Below are the entries; give again exactly the lines from the one mentioning "Gareth Batty celebrates" through the one mentioning "Витамин b6 название", inclusive.
-- Opening Marker --
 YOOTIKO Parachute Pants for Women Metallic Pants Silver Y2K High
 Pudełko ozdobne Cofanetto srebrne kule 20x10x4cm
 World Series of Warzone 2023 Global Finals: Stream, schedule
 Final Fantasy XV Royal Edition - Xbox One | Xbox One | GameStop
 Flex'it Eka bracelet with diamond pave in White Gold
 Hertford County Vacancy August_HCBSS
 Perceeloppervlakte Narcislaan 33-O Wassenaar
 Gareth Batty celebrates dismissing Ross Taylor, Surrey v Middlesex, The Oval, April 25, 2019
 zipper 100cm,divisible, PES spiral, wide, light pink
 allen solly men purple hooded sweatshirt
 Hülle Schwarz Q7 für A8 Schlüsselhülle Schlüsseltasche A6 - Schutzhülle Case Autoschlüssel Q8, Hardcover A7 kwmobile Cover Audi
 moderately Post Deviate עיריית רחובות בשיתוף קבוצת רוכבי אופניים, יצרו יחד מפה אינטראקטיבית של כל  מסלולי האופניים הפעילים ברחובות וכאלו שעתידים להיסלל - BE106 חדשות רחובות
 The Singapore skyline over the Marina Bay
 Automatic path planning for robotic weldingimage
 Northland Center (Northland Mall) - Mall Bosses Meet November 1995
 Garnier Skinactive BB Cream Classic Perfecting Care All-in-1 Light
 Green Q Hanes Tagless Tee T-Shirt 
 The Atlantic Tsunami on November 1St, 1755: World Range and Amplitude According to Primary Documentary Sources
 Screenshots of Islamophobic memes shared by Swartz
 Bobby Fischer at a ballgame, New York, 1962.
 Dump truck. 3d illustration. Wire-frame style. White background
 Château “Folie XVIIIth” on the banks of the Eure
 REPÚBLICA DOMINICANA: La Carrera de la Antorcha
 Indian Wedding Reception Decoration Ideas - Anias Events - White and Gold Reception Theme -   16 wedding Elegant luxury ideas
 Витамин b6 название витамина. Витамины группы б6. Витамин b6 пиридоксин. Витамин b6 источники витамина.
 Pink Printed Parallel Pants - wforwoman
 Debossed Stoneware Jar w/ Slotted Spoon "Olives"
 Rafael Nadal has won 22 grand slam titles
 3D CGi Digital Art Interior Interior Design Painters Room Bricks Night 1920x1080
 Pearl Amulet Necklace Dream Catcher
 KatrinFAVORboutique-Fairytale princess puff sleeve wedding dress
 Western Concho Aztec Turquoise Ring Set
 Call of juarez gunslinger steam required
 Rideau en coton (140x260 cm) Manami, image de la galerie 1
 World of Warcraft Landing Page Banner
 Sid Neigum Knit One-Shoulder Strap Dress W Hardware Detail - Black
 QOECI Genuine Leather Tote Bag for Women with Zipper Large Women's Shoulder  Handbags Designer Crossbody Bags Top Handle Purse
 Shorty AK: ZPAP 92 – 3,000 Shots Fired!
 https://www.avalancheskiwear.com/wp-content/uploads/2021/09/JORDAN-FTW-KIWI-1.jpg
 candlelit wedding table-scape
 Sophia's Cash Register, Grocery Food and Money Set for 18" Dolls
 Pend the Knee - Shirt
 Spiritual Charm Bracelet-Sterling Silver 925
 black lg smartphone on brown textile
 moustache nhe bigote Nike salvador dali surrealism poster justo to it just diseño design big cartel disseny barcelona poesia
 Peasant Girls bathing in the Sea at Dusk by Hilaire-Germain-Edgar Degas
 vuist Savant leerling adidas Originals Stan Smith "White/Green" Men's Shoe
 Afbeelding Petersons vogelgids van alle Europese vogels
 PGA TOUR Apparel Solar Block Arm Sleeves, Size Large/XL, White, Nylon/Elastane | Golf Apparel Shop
-- Closing Marker --
THE ANSWER:
 Gareth Batty celebrates dismissing Ross Taylor, Surrey v Middlesex, The Oval, April 25, 2019
 zipper 100cm,divisible, PES spiral, wide, light pink
 allen solly men purple hooded sweatshirt
 Hülle Schwarz Q7 für A8 Schlüsselhülle Schlüsseltasche A6 - Schutzhülle Case Autoschlüssel Q8, Hardcover A7 kwmobile Cover Audi
 moderately Post Deviate עיריית רחובות בשיתוף קבוצת רוכבי אופניים, יצרו יחד מפה אינטראקטיבית של כל  מסלולי האופניים הפעילים ברחובות וכאלו שעתידים להיסלל - BE106 חדשות רחובות
 The Singapore skyline over the Marina Bay
 Automatic path planning for robotic weldingimage
 Northland Center (Northland Mall) - Mall Bosses Meet November 1995
 Garnier Skinactive BB Cream Classic Perfecting Care All-in-1 Light
 Green Q Hanes Tagless Tee T-Shirt 
 The Atlantic Tsunami on November 1St, 1755: World Range and Amplitude According to Primary Documentary Sources
 Screenshots of Islamophobic memes shared by Swartz
 Bobby Fischer at a ballgame, New York, 1962.
 Dump truck. 3d illustration. Wire-frame style. White background
 Château “Folie XVIIIth” on the banks of the Eure
 REPÚBLICA DOMINICANA: La Carrera de la Antorcha
 Indian Wedding Reception Decoration Ideas - Anias Events - White and Gold Reception Theme -   16 wedding Elegant luxury ideas
 Витамин b6 название витамина. Витамины группы б6. Витамин b6 пиридоксин. Витамин b6 источники витамина.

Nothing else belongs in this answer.